С тех пор Директива Касабланки, адресованная командованиям бомбардировочной авиации двух стран, часто отождествлялась с окончательным смертным приговором германским городам. Любые сомнения в этом рассеиваются при чтении фраз, которыми она начинается: «Вашей первостепенной задачей является нарастающее уничтожение и разрушение германской военной, промышленной и экономической системы, и подрыв морального состояния немецкого народа до такой степени, когда его способность к вооруженному сопротивлению будет практически сведена на нет».[36]36
  Стратегическое воздушное наступление на Германию. Т. II. С. 12.


[Закрыть]

Однако она не ограничивалась общим заявлением о намерениях. В ней содержался перечень типов объектов, подлежащих налетам при наличии допустимых погодных и тактических условий:

1. Германские верфи, где строятся подводные лодки.

2. Германская авиационная промышленность.

3. Транспортная система.

4. Нефтеперерабатывающие предприятия.

5. Другие объекты военной индустрии.

Похоже, американцы добились своего в отношении прицельной дневной бомбежки промышленных объектов, в то время как британцы не отошли от своей практики ночных «площадных бомбежек». Сам Черчилль писал, что во время конференции он беседовал с командующим 8-й воздушной армией США генералом Икером, и обе стороны повторили свои аргументы. Черчилль пытался склонить Икера к ночным бомбардировкам, но последний не сдавал своих позиций.
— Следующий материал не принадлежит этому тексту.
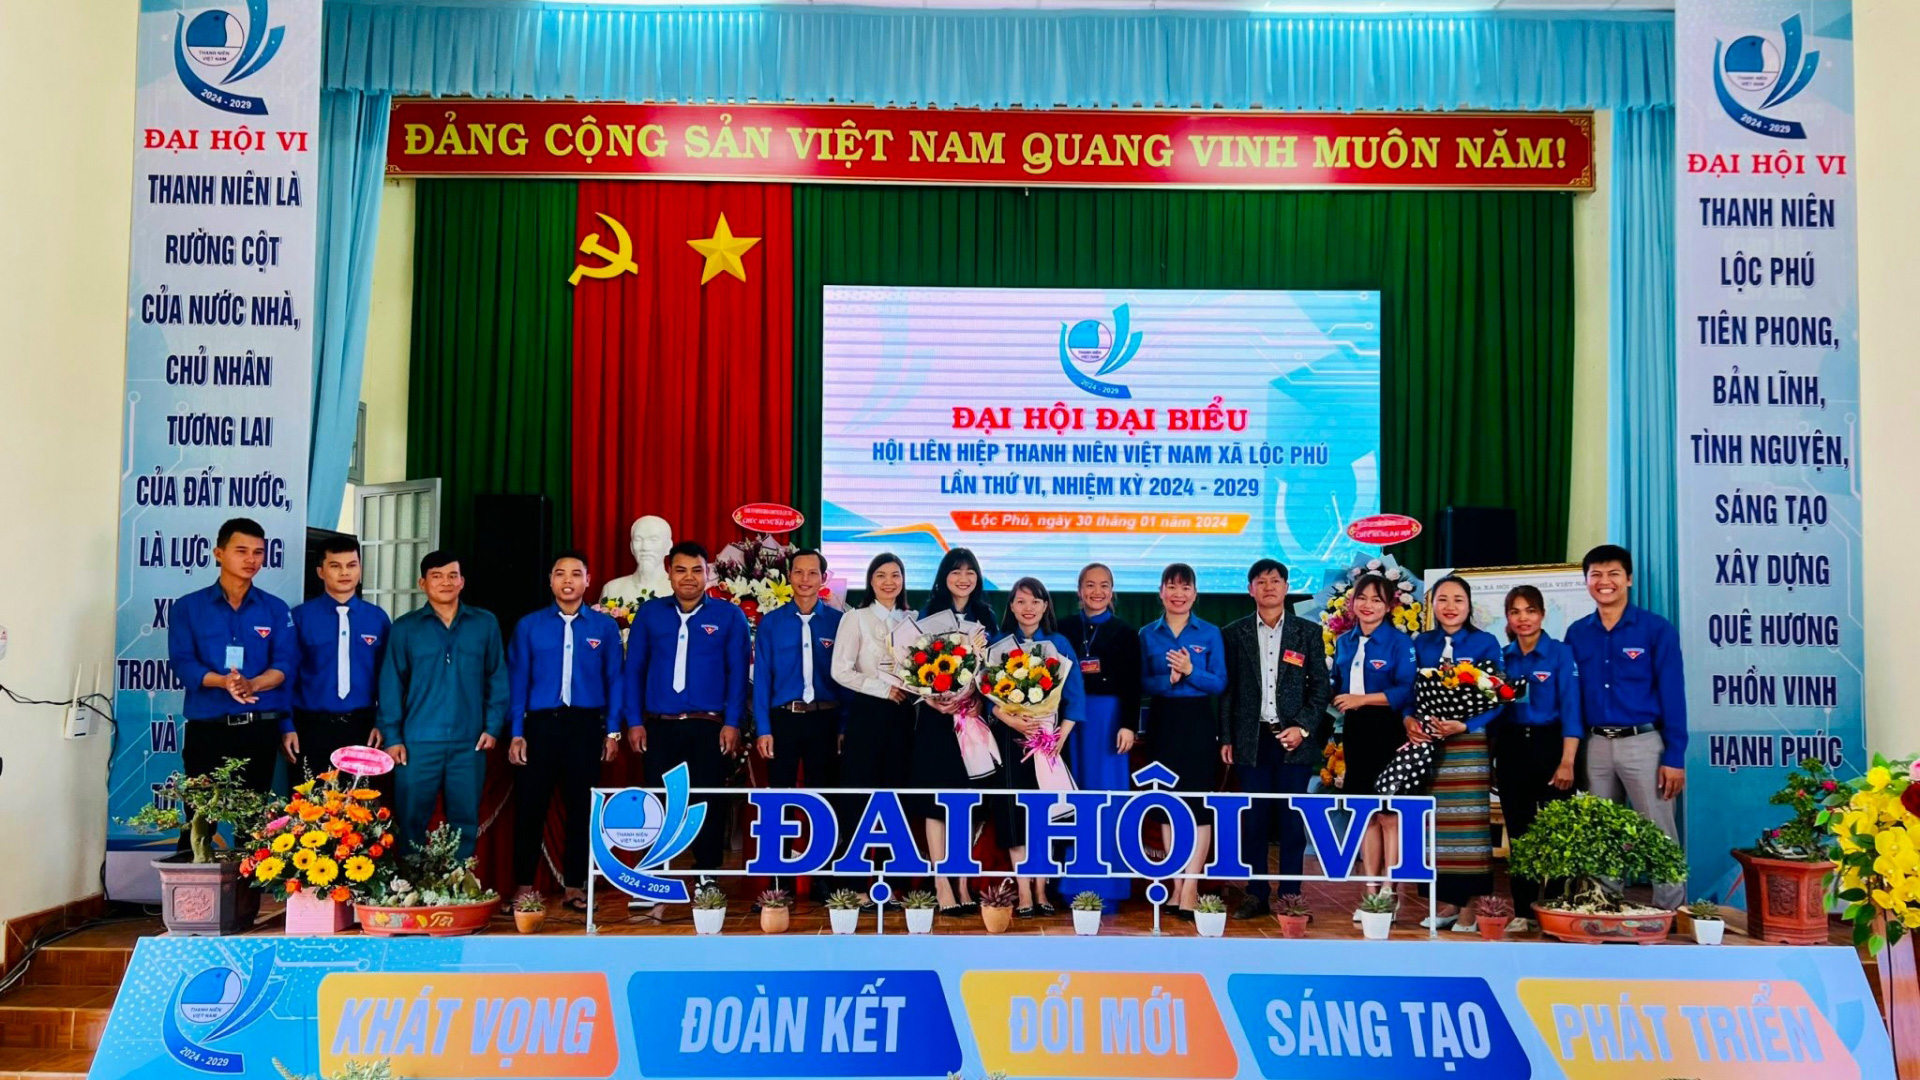 Bảo Lâm: Hội Liên hiệp Thanh niên xã Lộc Phú tổ chức thành công đại hội điểm

В конце концов британский премьер-министр сдался: «Я решил поддержать Икера и его идею, полностью изменил свою позицию и снял все возражения в отношении дневных налетов „крепостями“».[37]37
  The Second World War. Т. IV. С. 545.


[Закрыть]

Но то, что нравилось американцам, не очень волновало британцев. Как всегда это бывает, когда указания исходят с самого высокого уровня, в Директиве Касабланки оставалось много места для неоднозначной интерпретации теми, кому предстояло ее выполнять. И командующий британской бомбардировочной авиацией (КБА) маршал авиации Харрис был полон решимости придерживаться тактики, которая применялась до сих пор. Разве в Директиве не говорилось, что бомбежка указанных объектов должна вестись при благоприятных погодных и тактических условиях? В этом случае британская тактика не подходила. Если американцам хочется схватиться с германскими истребителями днем, пусть дерутся. Пусть суются, если не хотят извлекать уроки. Что касается Королевских ВВС, то они будут продолжать жечь германские города по ночам. Разве в Директиве не говорится, что необходимо подорвать германский моральный дух?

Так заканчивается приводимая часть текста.